--- EXCERPTED DATA ---
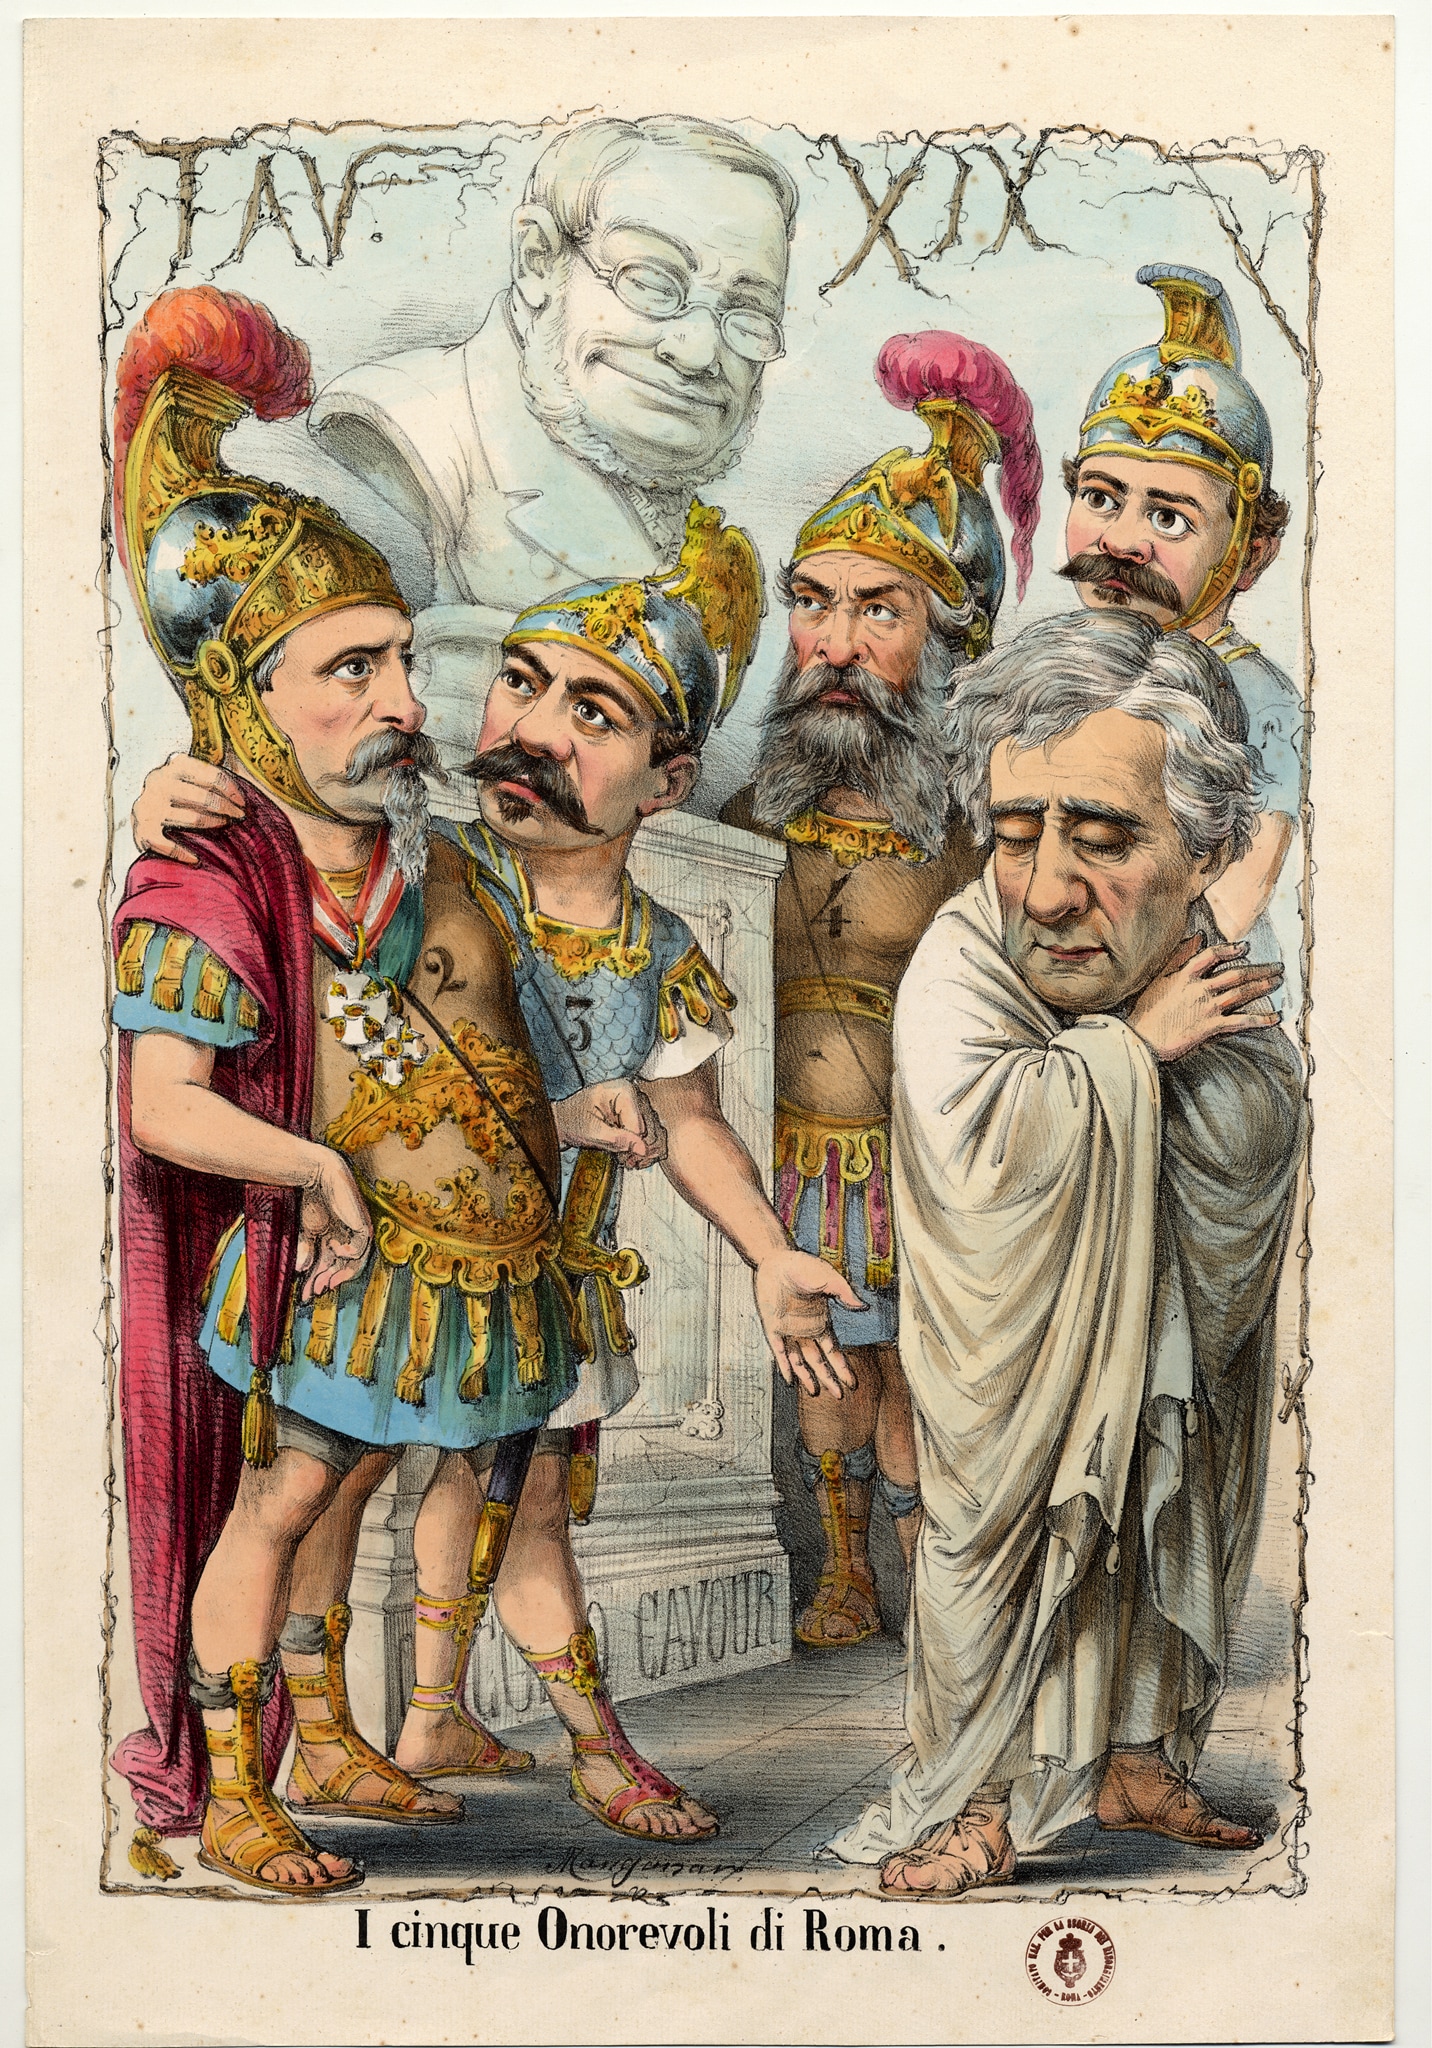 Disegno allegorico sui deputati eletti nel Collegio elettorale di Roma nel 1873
---
--- EXCERPTED DATA ---
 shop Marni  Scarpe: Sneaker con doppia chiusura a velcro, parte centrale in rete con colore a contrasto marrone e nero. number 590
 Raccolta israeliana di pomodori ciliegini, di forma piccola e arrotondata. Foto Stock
---
◆ WORK TO BE COMPLETED ◆
Taking the entries above, print exactly the lines starting at the line with "nero. number 590" and ending at the line with "Raccolta israeliana di", both included.

◆ ANSWER FOR THIS EXERCISE ◆
 shop Marni  Scarpe: Sneaker con doppia chiusura a velcro, parte centrale in rete con colore a contrasto marrone e nero. number 590
 Raccolta israeliana di pomodori ciliegini, di forma piccola e arrotondata. Foto Stock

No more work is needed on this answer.